Die SPD strebt eine grundlegende Reform des Sozialstaats in Deutschland an. Zentrale Punkte der Agenda 2010 des früheren Bundeskanzlers Gerhard Schröder sollen aufgehoben werden. Insbesondere wollen die Sozialdemokraten das umstrittene Hartz-IV-System reformieren. Bundesarbeitsminister Hubertus Heil (SPD) kündigte Gespräche mit der Union an. "Wir werden mit dem Koalitionspartner über diese Positionen reden. Ich will mal wissen, was die Union für eigene Vorstellungen hat", sagte Heil auf dem SPD-Parteitag in Berlin.   

Die Regierung habe auf Betreiben der SPD hin mit der Weiterentwicklung des Sozialstaats längst begonnen, fügte der SPD-Politiker hinzu. Heil verwies auf den sozialen Arbeitsmarkt mit Zehntausenden öffentlich geförderten Arbeitsplätzen für Langzeitarbeitslose, die seit Jahresbeginn geschaffen wurden.

Mit dem Hartz-IV-Urteil des Bundesverfassungsgerichts gebe es nun eine neue Situation. Die Richterinnen und Richter in Karlsruhe hatte Anfang November harte Sanktionen für Hartz-IV-Beziehende als verfassungswidrig gekippt. "Das ist eine Gelegenheit, in dieser Koalition das gesamte System bürgerfreundlicher zu machen und zu reformieren", kündigte der Arbeitsminister an.

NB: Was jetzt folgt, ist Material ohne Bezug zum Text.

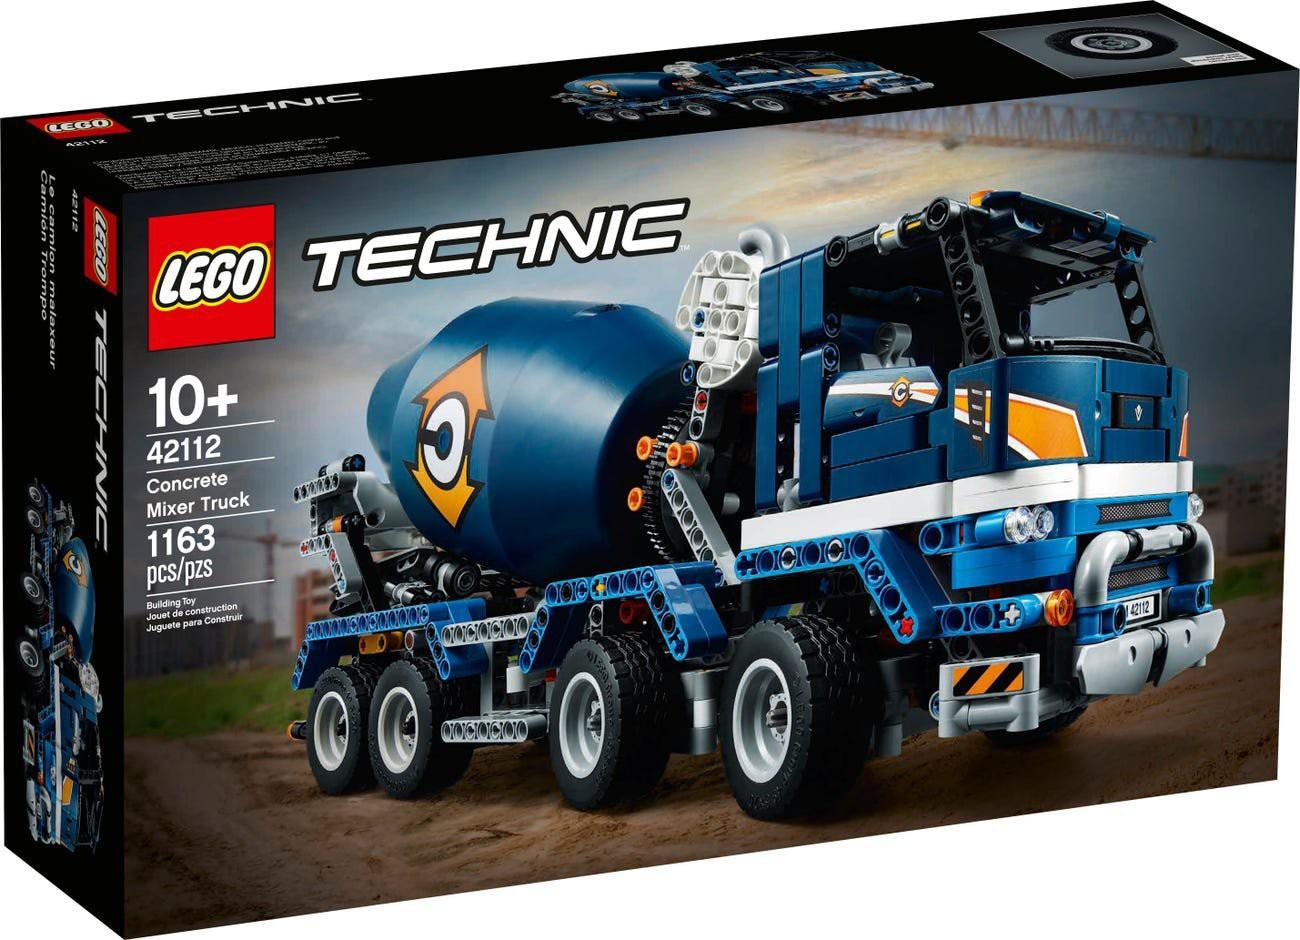 [Yasuee台灣] LEGO 樂高 42112 水泥攪拌車 混凝土攪拌運輸車 下單前請先詢問

Bürgergeld soll Hartz IV ablösen

Die SPD wolle Lebensleistung anerkennen, meinte auch die rheinland-pfälzische Ministerpräsidentin Malu Dreyer. Menschen sollen nicht zu Bittstellern werden. "Wir wollen Hartz IV hinter uns lassen", sagte Dreyer. Mit dem Bürgergeld wollen die Sozialdemokraten eine neue Grundsicherung einführen, die Hartz IV ablöst.

Langzeitarbeitslosen sollen dann nicht mehr so harte Sanktionen drohen, wenn sie ihre Pflichten verletzen. Vor allem die Kürzungen bei den Wohnkosten soll demnach abgeschafft werden. Gleichzeitig will die SPD Betroffene stärker fördern: Weiterbildungsmaßnahmen können auf die Bezugszeit angerechnet werden. Ebenso sollen Arbeitssuchende zunächst länger vom Arbeitslosengeld I profitieren.

Laut Heil ist der technologische Wandel die wichtigste Herausforderung für die Arbeitsgesellschaft in den kommenden Jahren. Es gehe darum, dass die Beschäftigten von heute fit für die Arbeit von morgen zu machen. Dafür setzt der Arbeitsminister auf Qualifizierung. Die Gesellschaft zusammenzuhalten im Wandel, da habe die Sozialdemokratie eine wichtige Rolle, so der SPD-Politiker.

Neben dem Bürgergeld will die SPD zudem eine eigenständige Kindergrundsicherung einführen. Außerdem fordern sie die Anhebung des Mindestlohns auf zwölf Euro, Steuervorteile bei Tarifverträgen und eine Bürgerversicherung in der Pflege.